Edgar Sarin crée ici une œuvre vivante, évolutive, inscrite dans une forme de théâtralité collective. Ce théâtre pictural est une scène où la mémoire se cristallise, où chaque exposition réinvente son propre folklore. Il ne s'agit pas simplement d'une mise en scène mais d'un rituel, une invitation à marcher autour de la pièce, dans un espace qui semble se reconfigurer au fil des pas. L'œuvre agit alors comme un miroir temporel, tissant un lien subtil entre le passé, le présent et l'avenir.
Le geste artistique de Sarin est au centre de ce processus. Plus qu'un simple acte créatif, il devient une architecture de pensée, où les matériaux, les références, et l'ingénierie se fondent en une impulsion pure. Le geste fait œuvre, mais cette œuvre est d'abord un terrain fertile pour une interaction profonde entre peinture et architecture. Comme le suggère Éric de Chassey, Sarin orchestre un dialogue où l'artiste s'efface presque pour laisser les formes s'épanouir librement.
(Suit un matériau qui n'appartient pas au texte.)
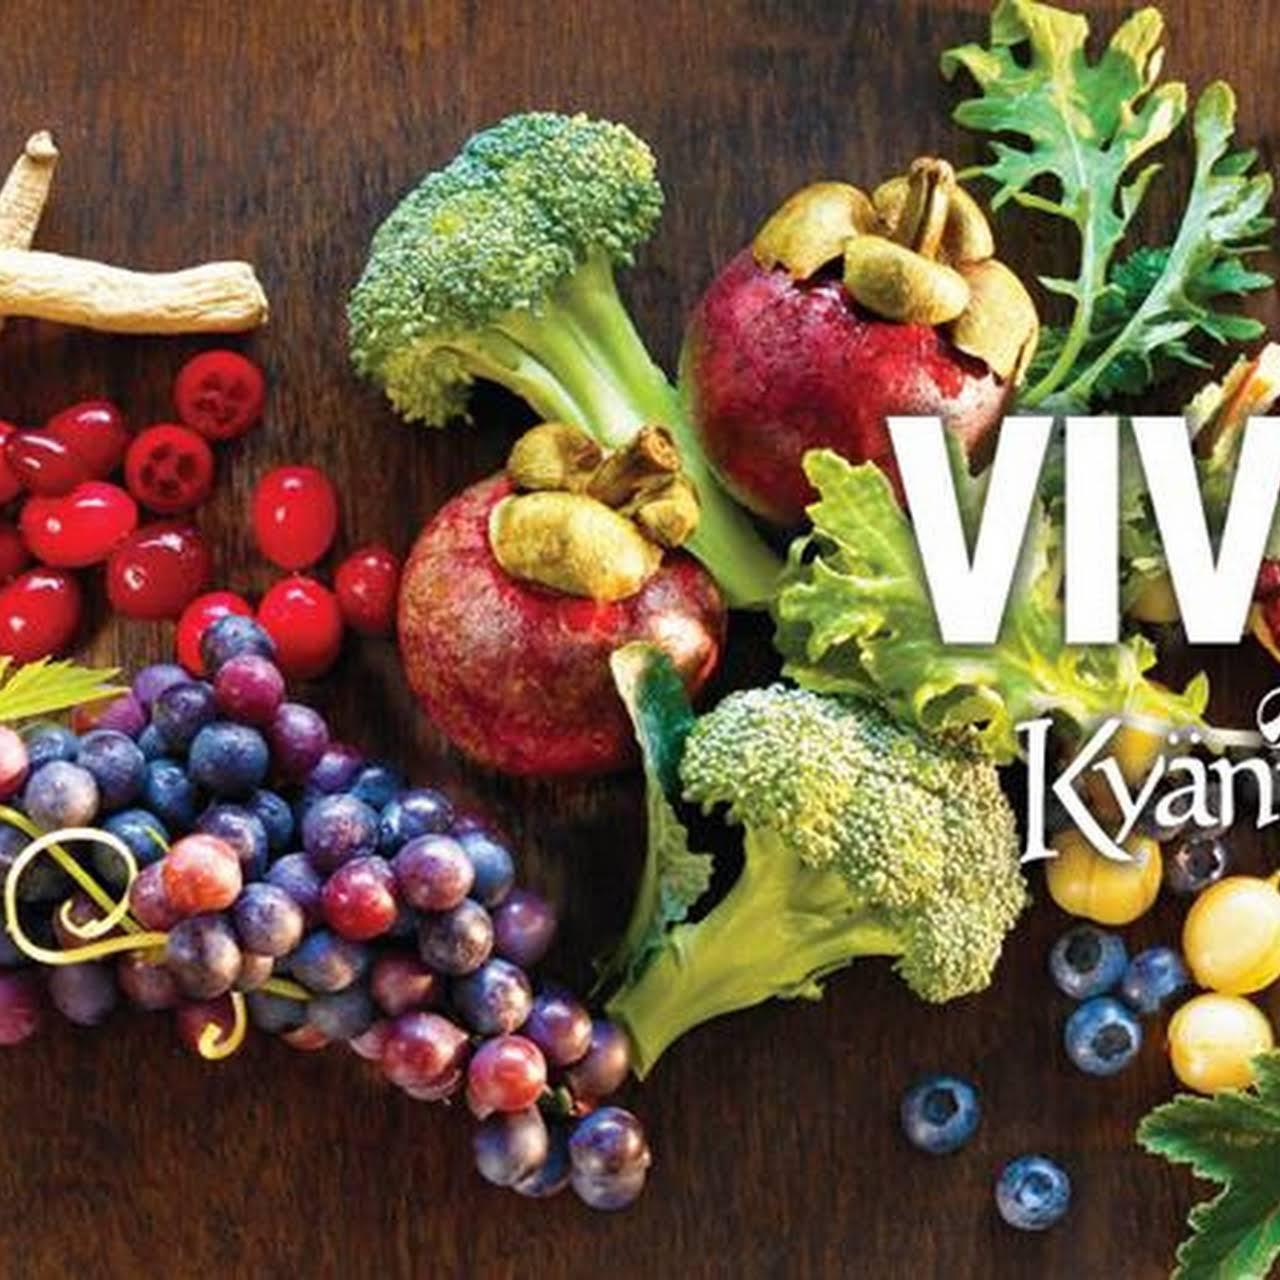 Kyani Distributor Honduras Vitamin Supplements Store In San

Inspiré par l'environnement qui l'entoure, Sarin intègre à ses œuvres la matérialité et l'âme des lieux. Le bois, travaillé à partir de la forêt du domaine, se fait le prolongement naturel de cet enracinement. Ce lien organique se ressent dans la monumentalité suspendue de Théâtre (post-Pontormo), une fresque qui évoque autant les récits héroïques de la tapisserie de Bayeux que la fragilité d'une mémoire collective à préserver.
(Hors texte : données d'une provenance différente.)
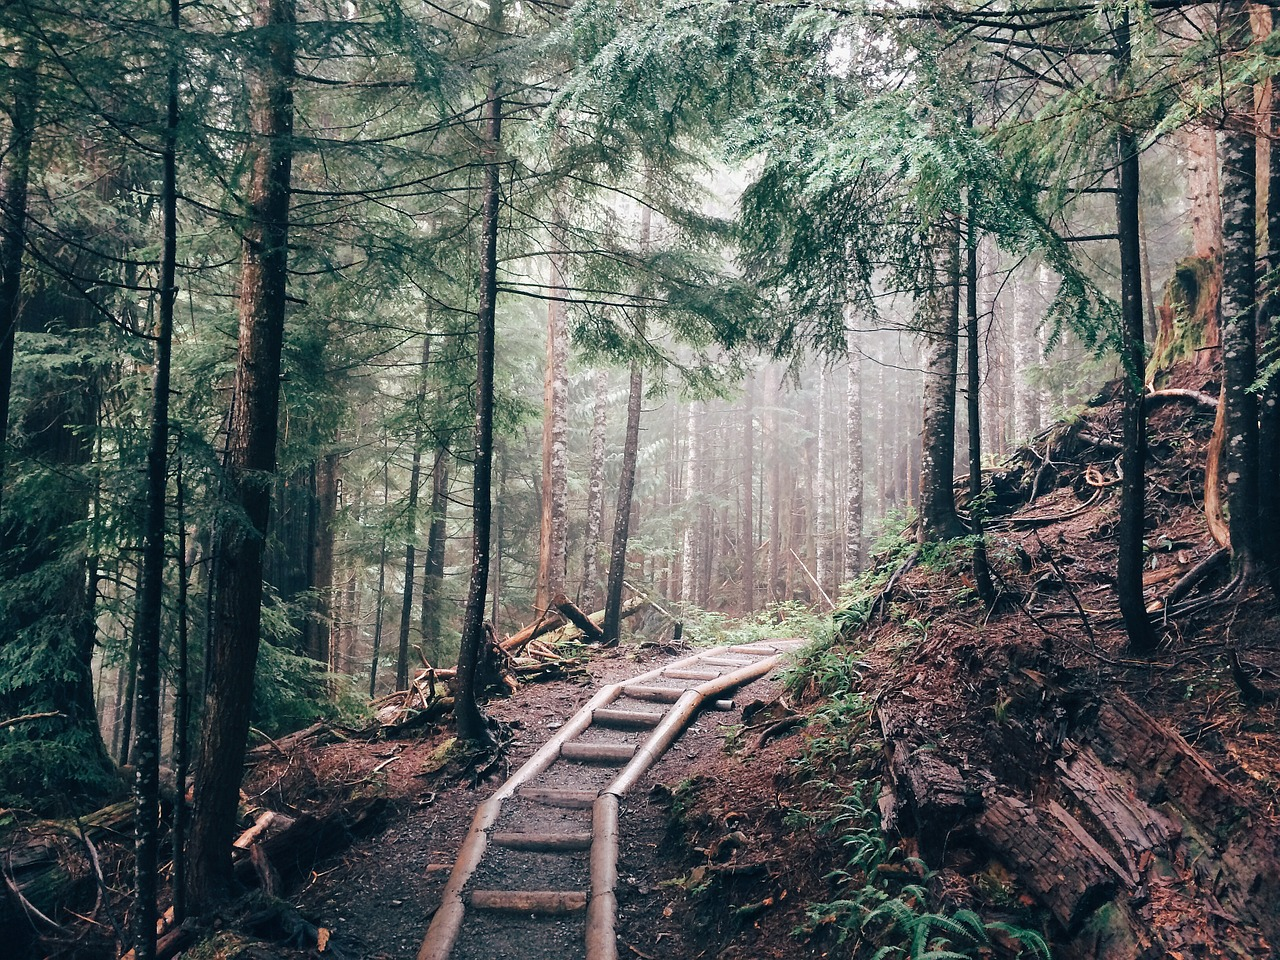 hiking-598203_1280

Enfin, cette élévation physique de l'œuvre, suspendue dans l'espace, se prolonge dans une élévation mystique et sacrée pour l'observateur. La vision engendre d'abord une émotion brute, avant de dévoiler une profondeur spirituelle, presque ésotérique. Sarin s'inscrit ainsi dans une tradition où l'art est un miracle innocent : celui de relier les âmes à travers le temps, de réactiver des mémoires enfouies et de leur donner une nouvelle lumière. Avec Théâtre (post-Pontormo), Edgar Sarin dépasse les frontières de la peinture et de l'architecture pour inventer un nouvel art du sublime, où chaque regard devient un voyage, chaque pas une résonance intime.